Give back the full listing as written. No pictures go with it.
--- The data ---
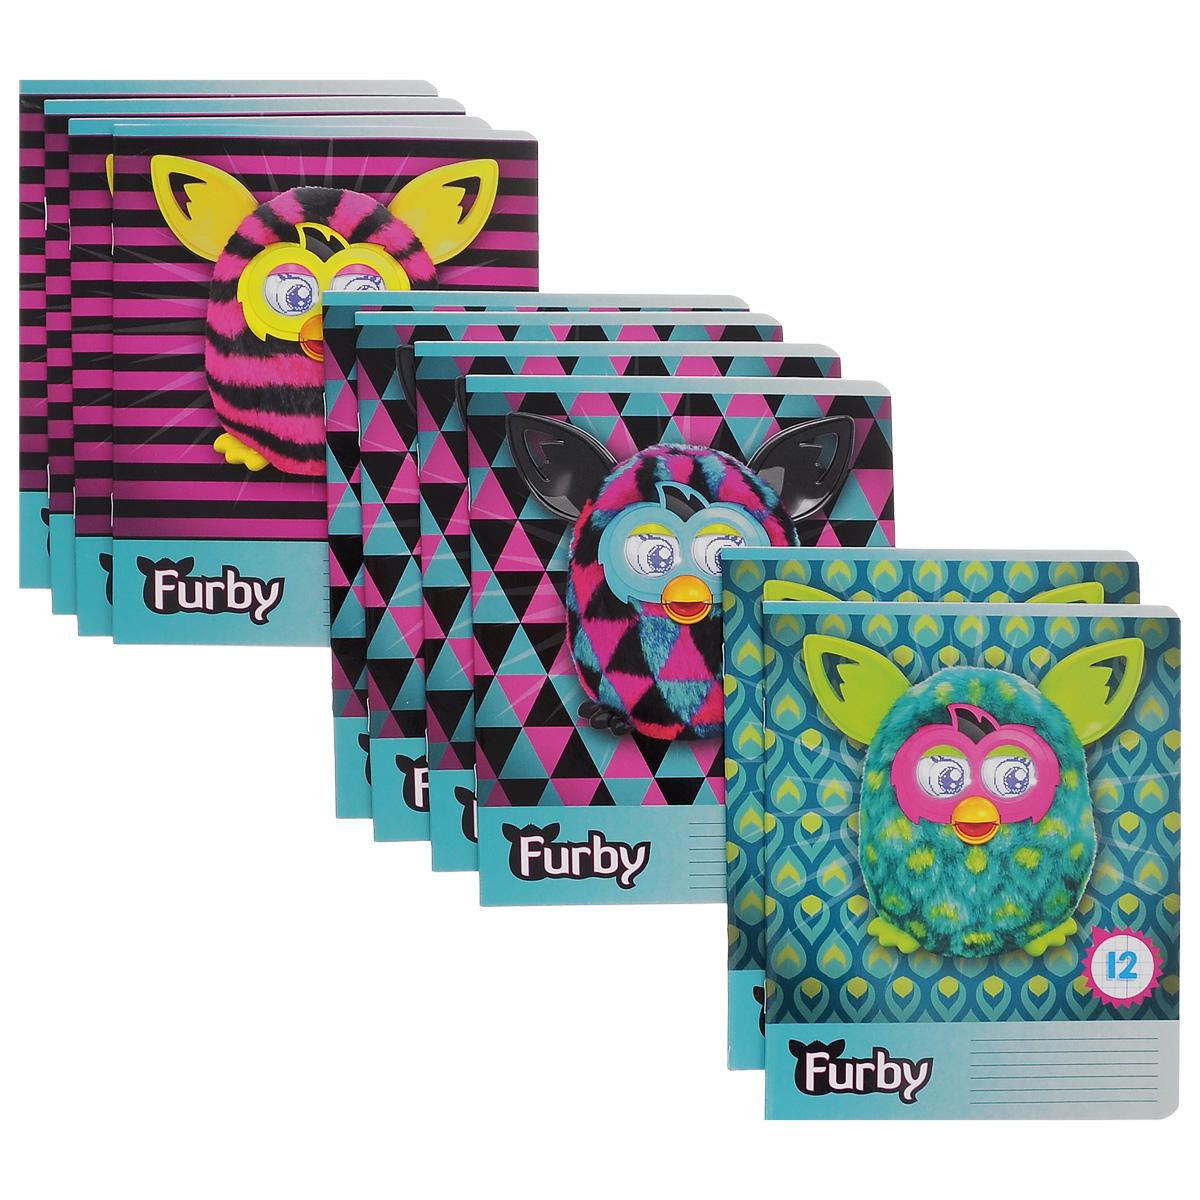 Набор тетрадей в клетку Furby, цвет: фиолетовый, бирюзовый, 12 листов, 10 шт. FB39/5FB39/5_Вид 2Комплект тетрадей Furby включает в себя 10 тетрадей в линейку по 12 листов. Обложка каждой тетради оформлена изображением игрушек Furby. На задней обложке каждой тетради представлена таблица умножения. Внутренний блок тетрадей состоит из 12 листов белой бумаги, соединенных скрепками. Стандартная линовка в клетку дополнена полями, совпадающими с лицевой и оборотной стороны листа. В наборе представлены тетради с тремя вариантами изображений Furby.
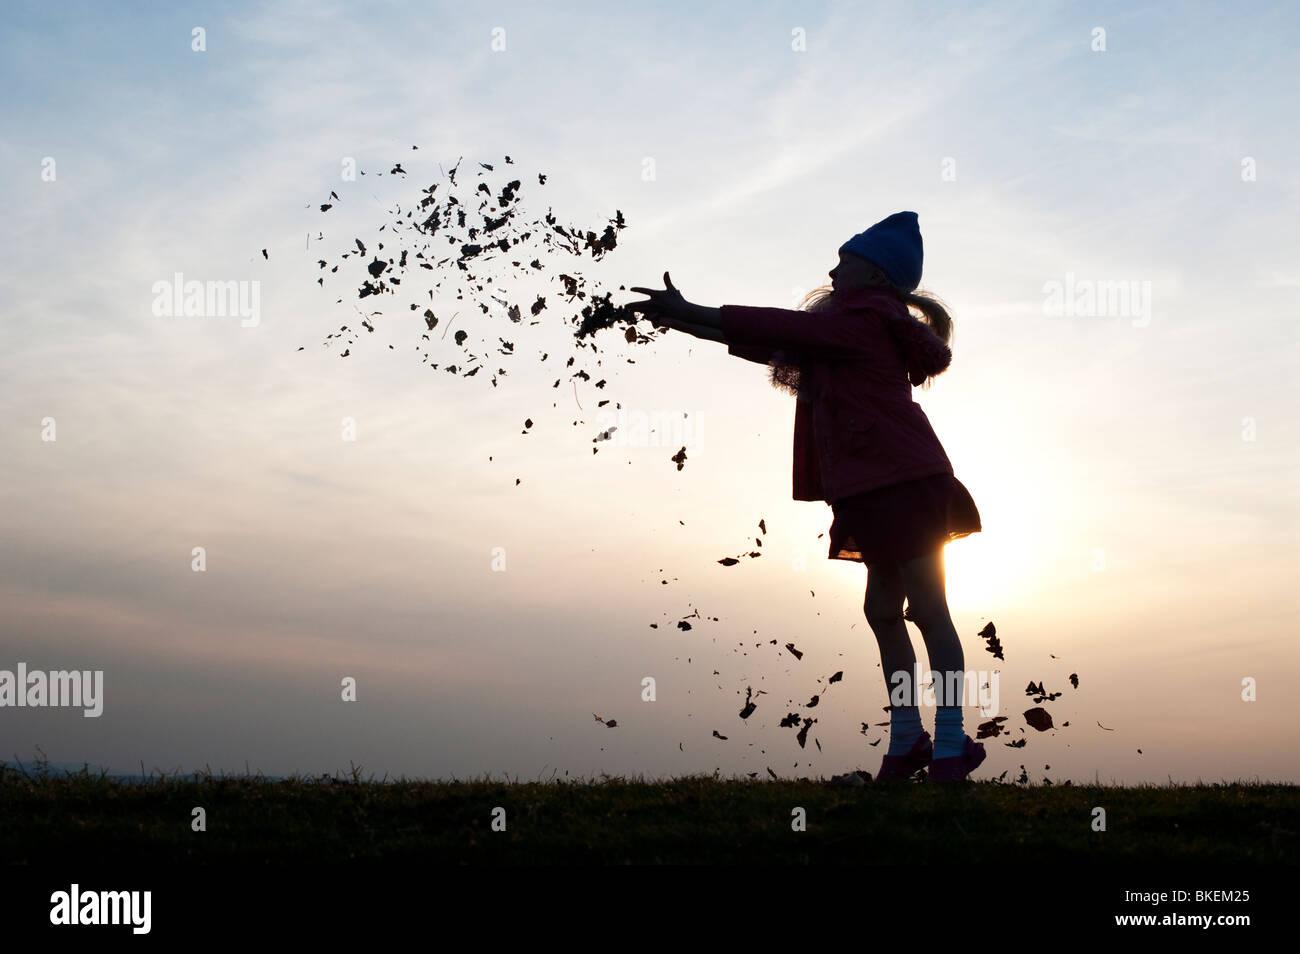 Giovane ragazza divertirsi gettando le foglie. Silhouette Immagini Stock
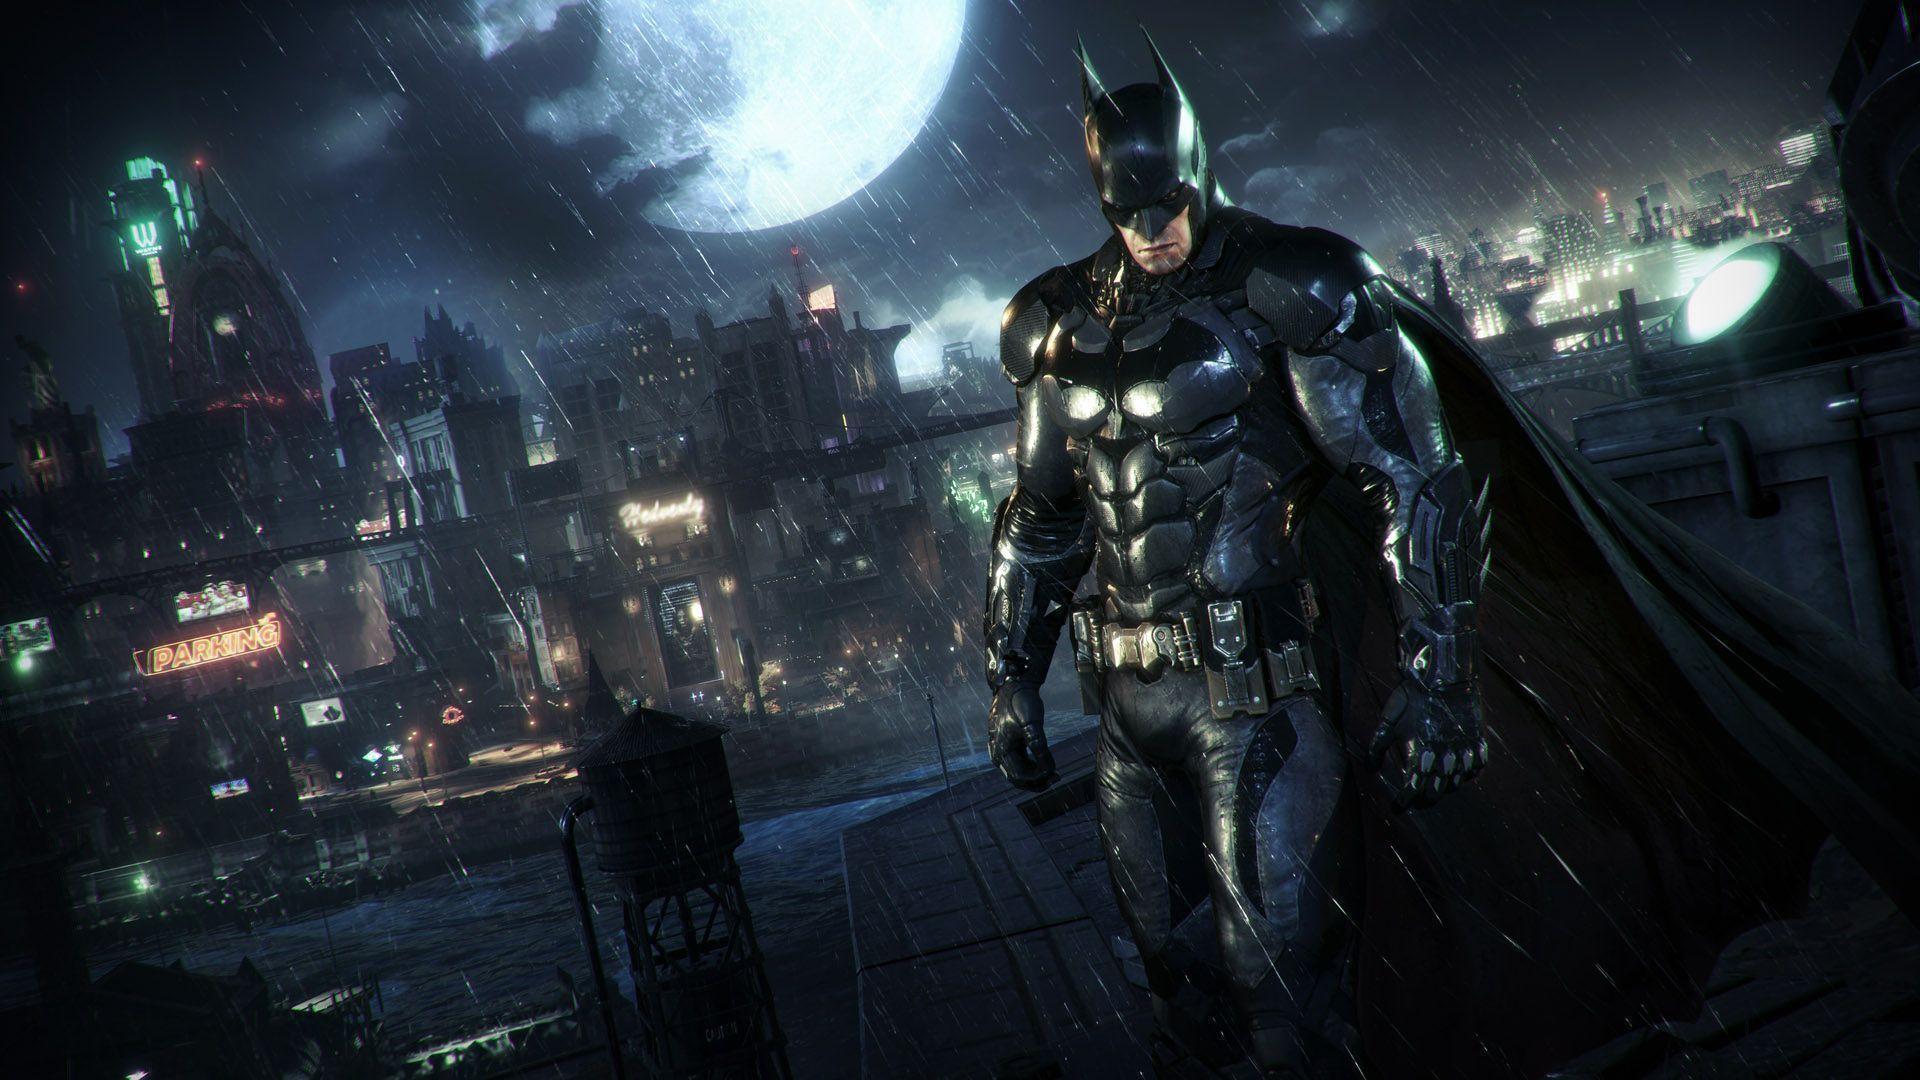 De más a menos, y de menos a más: la narrativa de la saga Batman: Arkham
---
- Response to this task -
 Набор тетрадей в клетку Furby, цвет: фиолетовый, бирюзовый, 12 листов, 10 шт. FB39/5FB39/5_Вид 2Комплект тетрадей Furby включает в себя 10 тетрадей в линейку по 12 листов. Обложка каждой тетради оформлена изображением игрушек Furby. На задней обложке каждой тетради представлена таблица умножения. Внутренний блок тетрадей состоит из 12 листов белой бумаги, соединенных скрепками. Стандартная линовка в клетку дополнена полями, совпадающими с лицевой и оборотной стороны листа. В наборе представлены тетради с тремя вариантами изображений Furby.
 Giovane ragazza divertirsi gettando le foglie. Silhouette Immagini Stock
 De más a menos, y de menos a más: la narrativa de la saga Batman: Arkham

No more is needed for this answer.